前半部分は、大した動きもなくぼくには退屈。
後半は、面白い展開でした。

ふたりの刑事、真壁と宮下コンビが味わい深い。

 会うのは----口をきいてくれるかどうかはまた別の問題だが----奥多摩分署の事件のとき以来となる。そして、あのときの一件が片付いたら辞める決意でいた真壁を、もっとも強く引き留めたのは、ほかでもない蔦警部だった。
 「あんなはみ出し者は辞めさせろ」の声が吹き荒れる中、「獲物を姪えてくる犬に、行儀は二の次だ」と言い放って矢面に立った。
 恩人でもあり、煙たいどころではない存在でもある。天敵ともいえた久須部警部が去った今、警察において真壁が唯一心底苦手にしている相手だ。


物語の中に、真壁と宮下が取り組んだ過去の事件のことが、たびたび触れられている。
そのあたりの経緯が知りたいので、今度『』を読んでみるつもりです。

 使い道に困るほど俄にあぶく銭を得るものと、幼い子供に菓子パンー個をあずけ身を粉にしてパートをかけ持ちする単身の親たち。
 不公平感や鬱屈した不満は、やがてはっきりとした理由を持たない怒りを生むことになる。
 とにかく腹が立つ、世の中のすべてが気に入らない、そんな、おそらくは自身にもうまく表現できない不満が、世の中に、いや世界中に満ちている。
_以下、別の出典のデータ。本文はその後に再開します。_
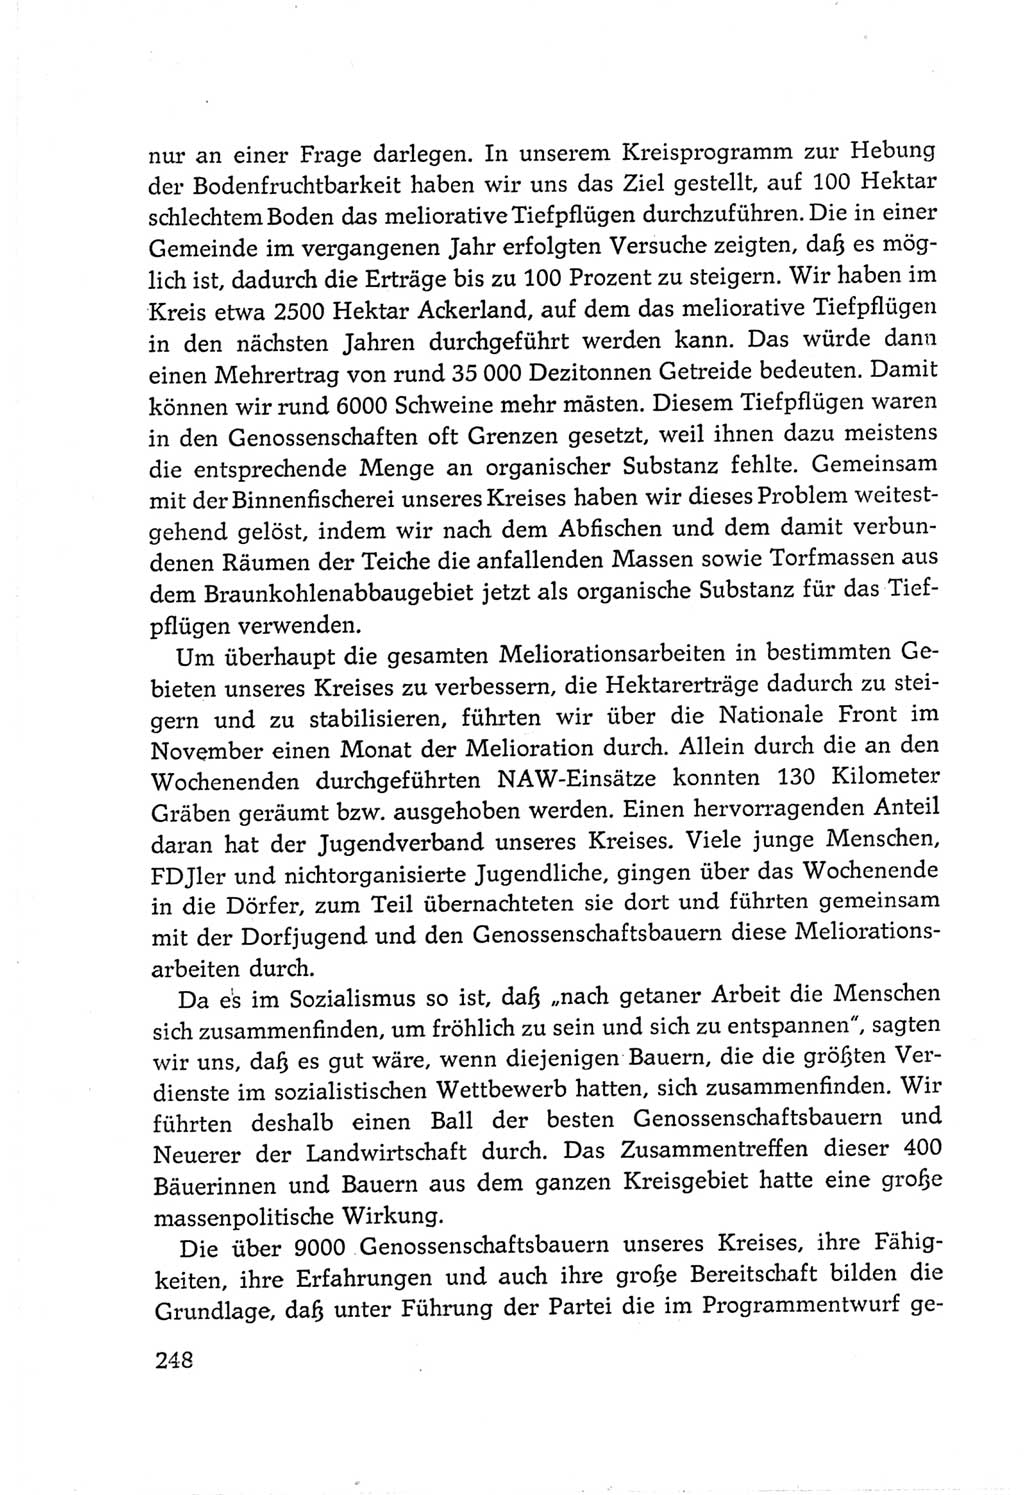 Protokoll der Verhandlungen des Ⅵ. Parteitages der Sozialistischen Einheitspartei Deutschlands (SED) [Deutsche Demokratische Republik (DDR)] 1963, Band Ⅲ, Seite 248 (Prot. Verh. Ⅵ. PT SED DDR 1963, Bd. Ⅲ, S. 248)

いくつもの国で中道の政権が倒れ、左にしろ右にしろ過激な主張が支持される時代になった。
 ある者は自暴自棄になり、夢を拾て、我が身を滅ぼす道を選ぶ。
 そしてある者は、その怒りを外へと向ける。

 その不満や鬱屈は、最初は森の中でひっそりと湧き出た泉かもしれない。山肌を滴り落ちる雫かもしれない。もしかすると、そのまま蒸発するか大地に浸み込んで消えてゆくものもあるだろう。しかし、いくつかは消えずに細いひと筋の流れとなる。